For instance, if we run a string `"Hello"` through the instructions, `repne scasb` returns `0xFFFFFFFFFFFFFFF9`. Who can possibly infer the length of the string from this value? After negating the returned value, and decrementing it once, we are left with the value `0x5` (which is the length of the string `"Hello"`).

##### Third Check overview

If the user input, `user_string`, passes the Second Check, it proceeds to the Third Check. This check is a *huge* one. It involves hashing and xor encryption. It took us a long while to understand what it does. The screenshot shows the overview of the Third check.

![Third Check](img/sctf2018_bluepill_third_check.png)

We broke down the Third check into 4 parts to understand what they do individually, then analysed them together to get the full picture. Let us take you through our anaylsis.

##### Third Check part 1

![Third Check part 1](img/sctf2018_bluepill_third_check_part_1.png)

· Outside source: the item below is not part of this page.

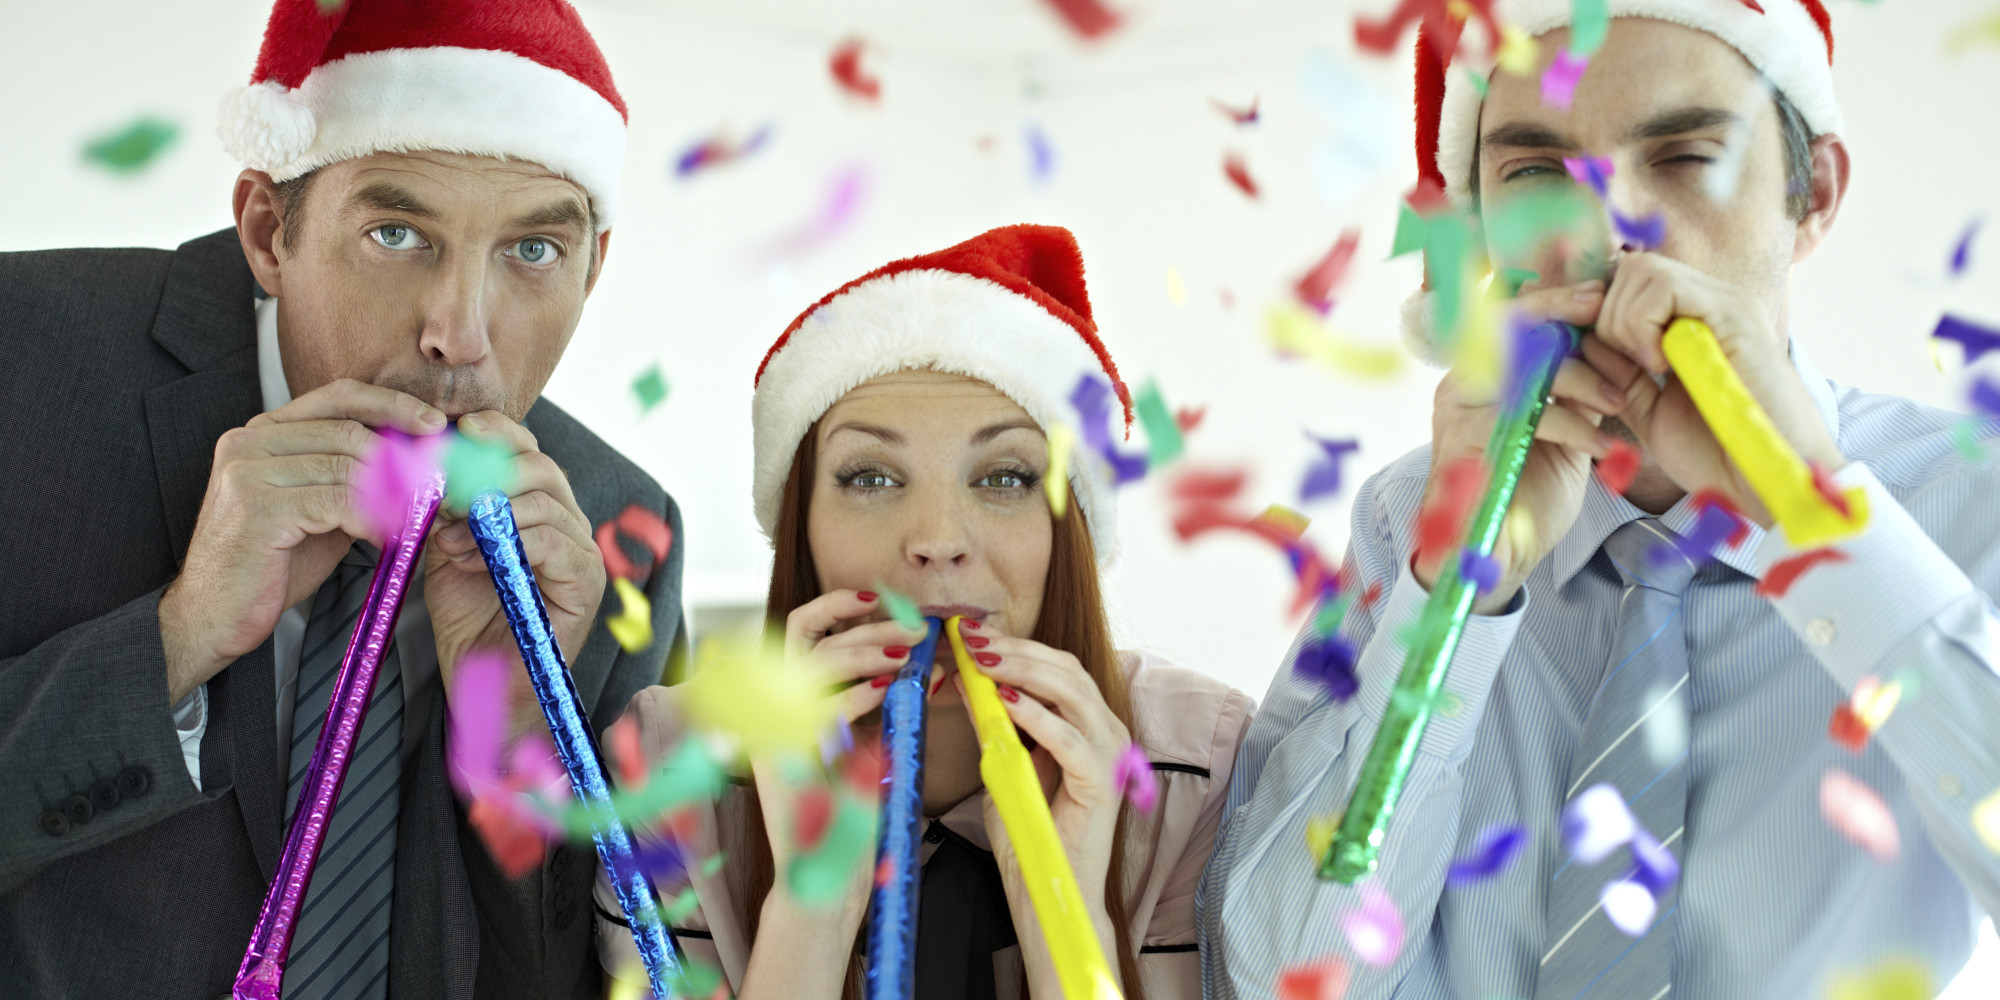 Saving Money on your Christmas Party | MoonlightMistletoe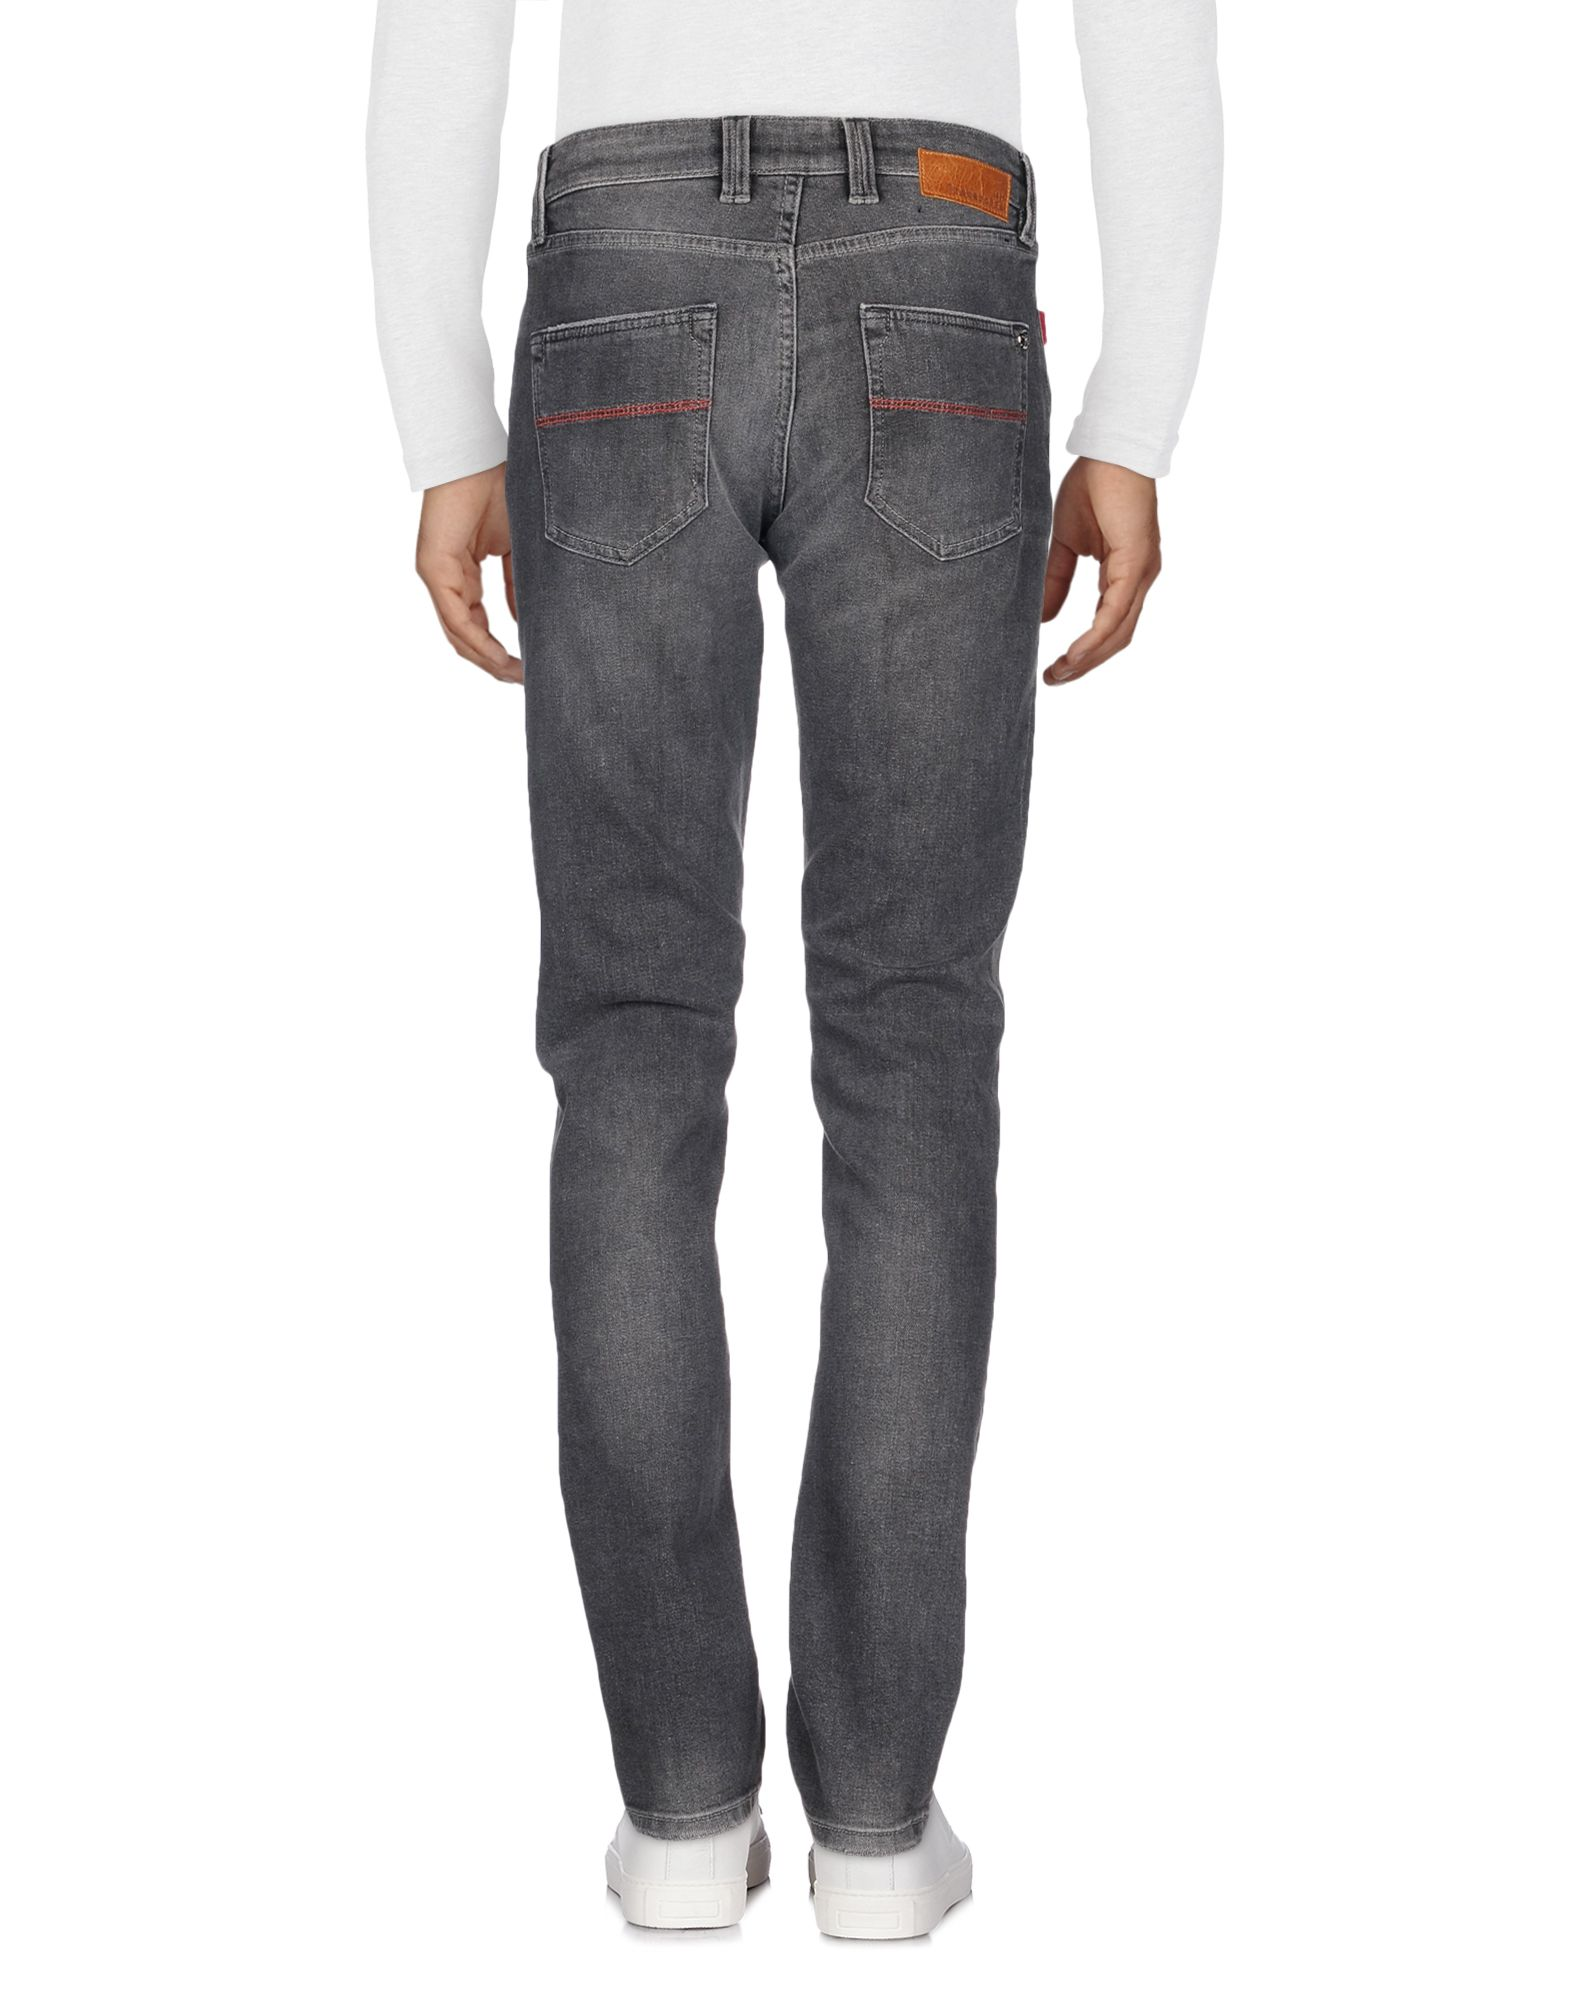 Pantaloni Jeans Tramarossa Uomo Uomo Tramarossa - 42682300BX 278556

Before we analyse what this part of the Third check does, keep in mind that all the parts are interconnected. Some instructions may not make sense here, but you will see its relevance in the subsequent parts.

With that out of the way, let's begin our analysis. First, part 1 stores the address of the 13th character of `user_string` in register `r14`, and a hash string's address in `r13`. To the untrained eye, it looks like a regular, weird string. However, its characters are all hex values, and it is 16 bytes long. It has uncanny resemblence to a hash string. It is not important for now. We'll come back to it later.

Moving on, we see that arguments are being prepared for the `<calc>` function, and there is a weird instruction called `rep stosb`. We were stuck for a moment. We did not know what `rep stosb` does, so we spent some time to research on it.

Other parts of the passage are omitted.